■ To do
Return the entries below word for word. No picture belongs in the copy.

----------------------------------------

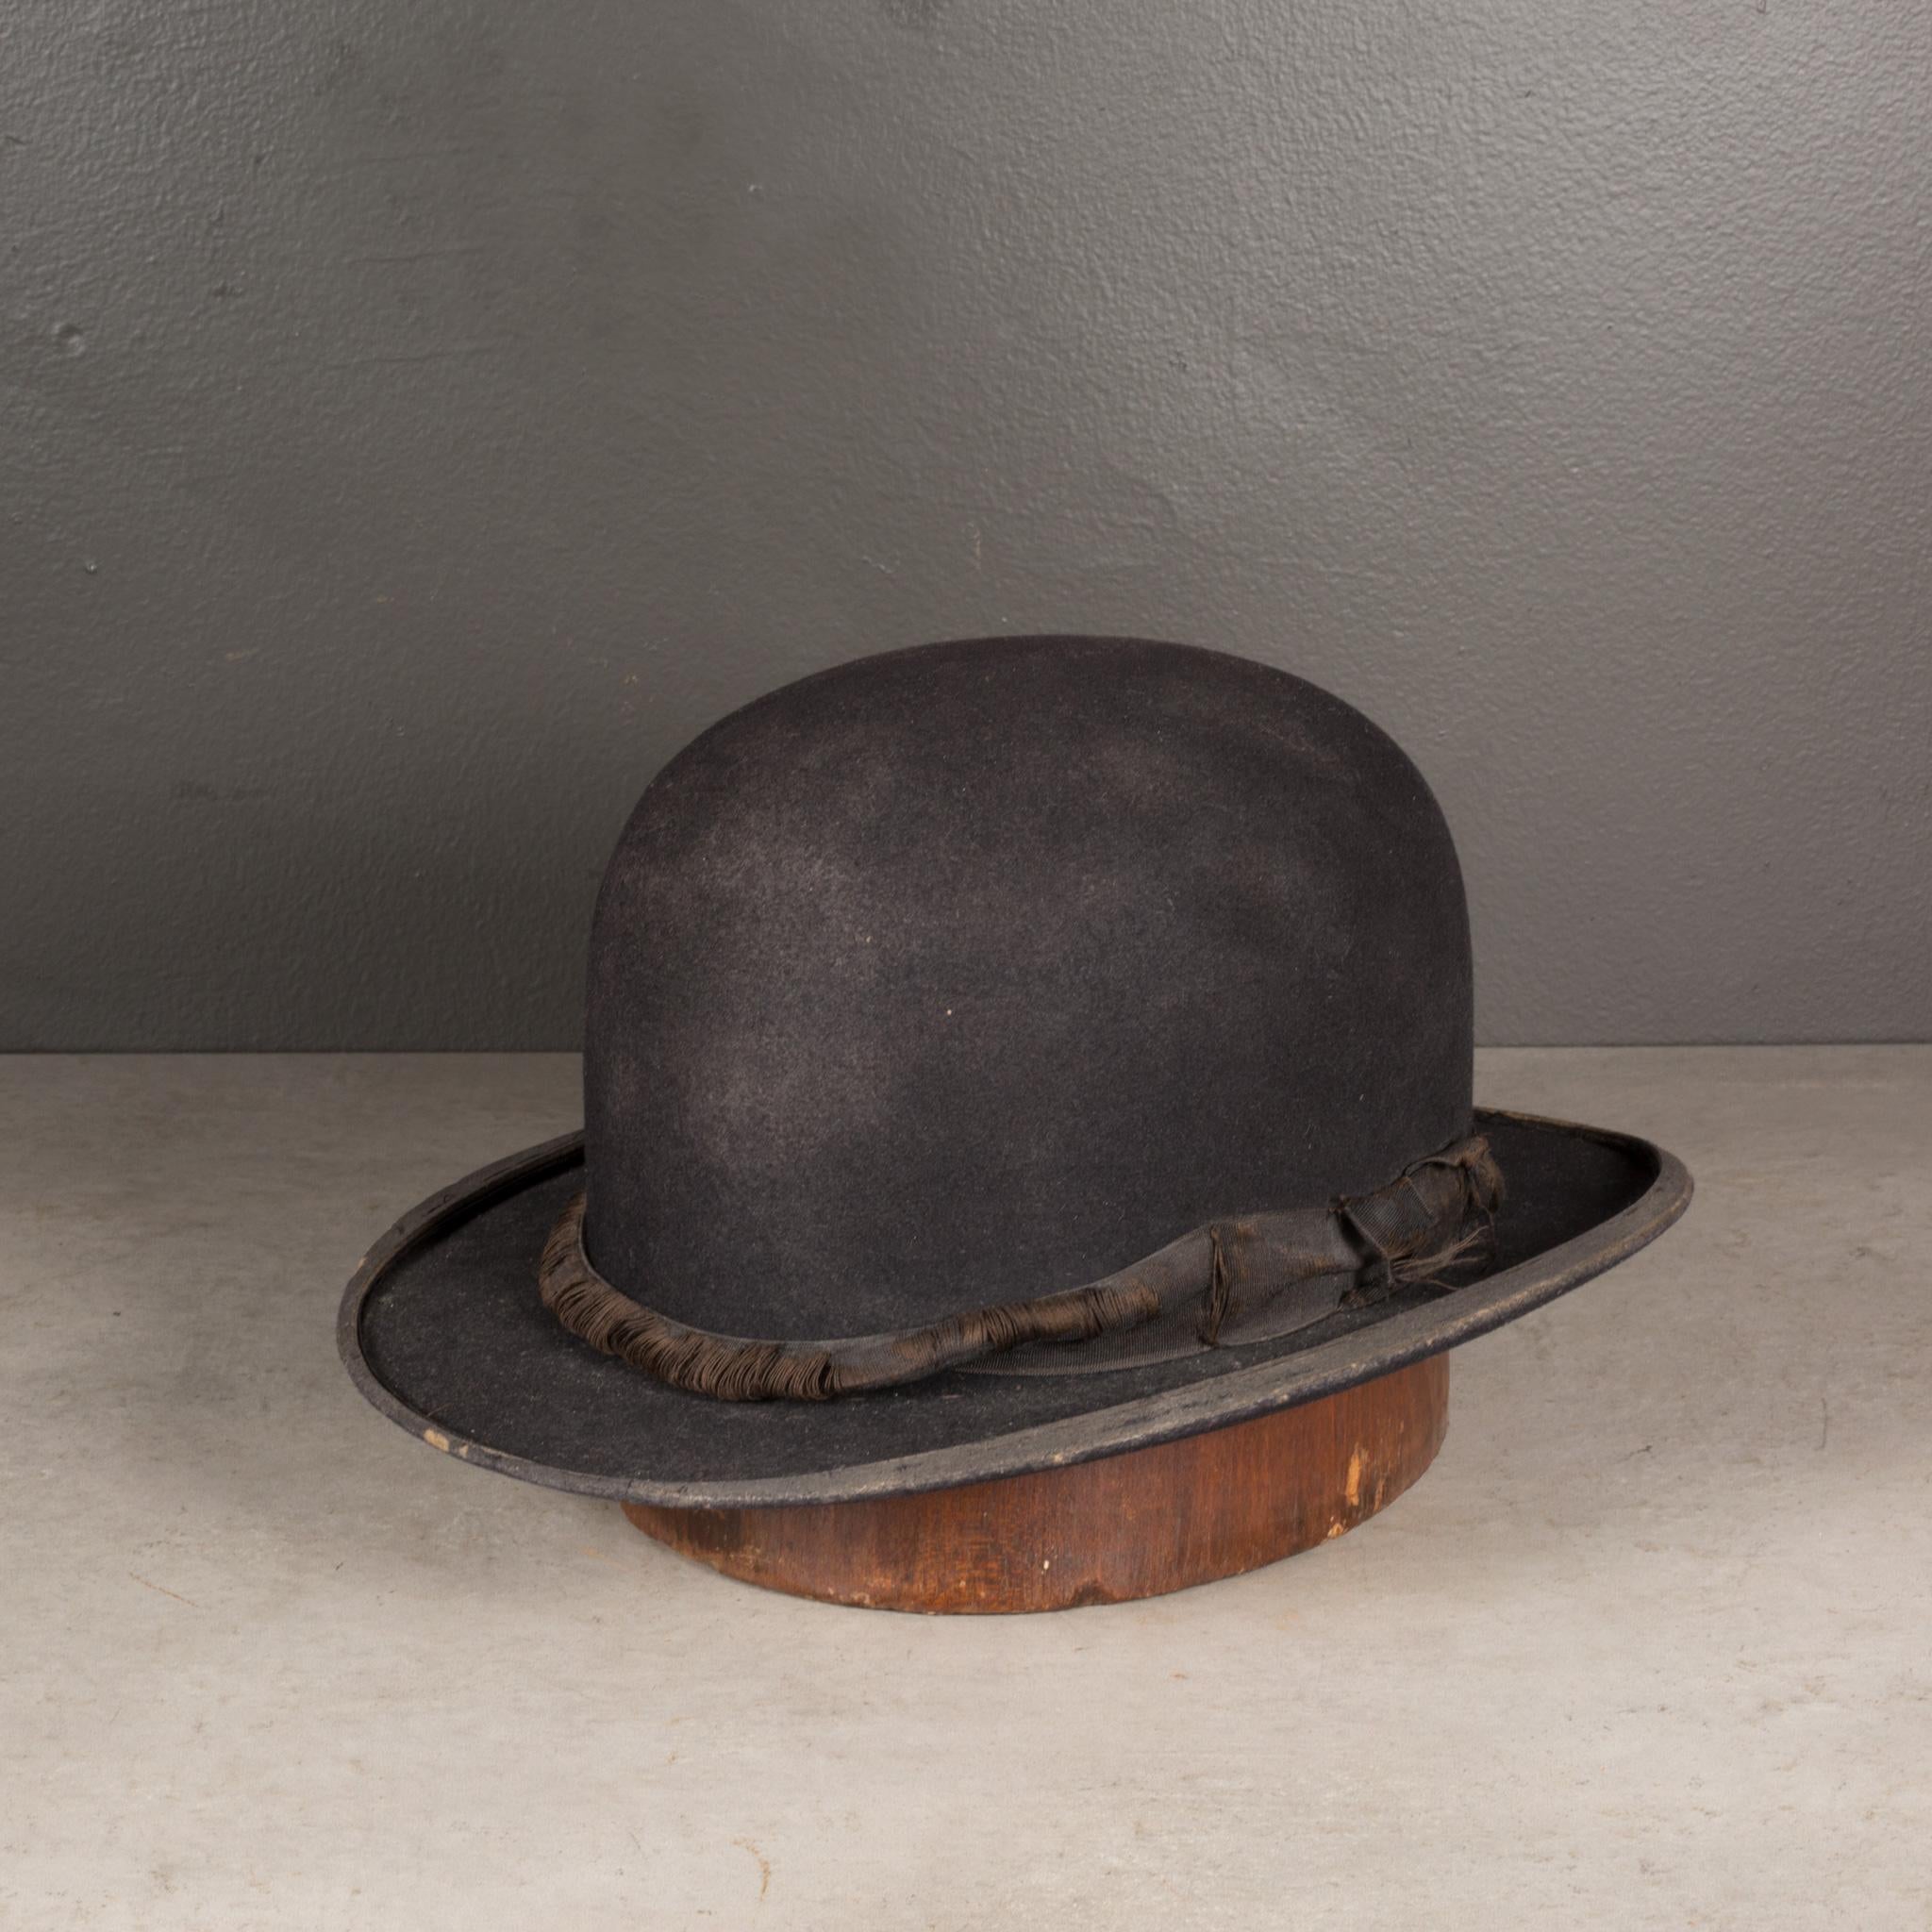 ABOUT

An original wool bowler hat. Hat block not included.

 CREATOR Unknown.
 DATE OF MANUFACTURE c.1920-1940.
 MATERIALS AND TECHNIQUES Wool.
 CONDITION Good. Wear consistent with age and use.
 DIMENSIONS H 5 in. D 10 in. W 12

----------------------------------------

■ Response to the exercise
 ABOUT

An original wool bowler hat. Hat block not included.

 CREATOR Unknown.
 DATE OF MANUFACTURE c.1920-1940.
 MATERIALS AND TECHNIQUES Wool.
 CONDITION Good. Wear consistent with age and use.
 DIMENSIONS H 5 in. D 10 in. W 12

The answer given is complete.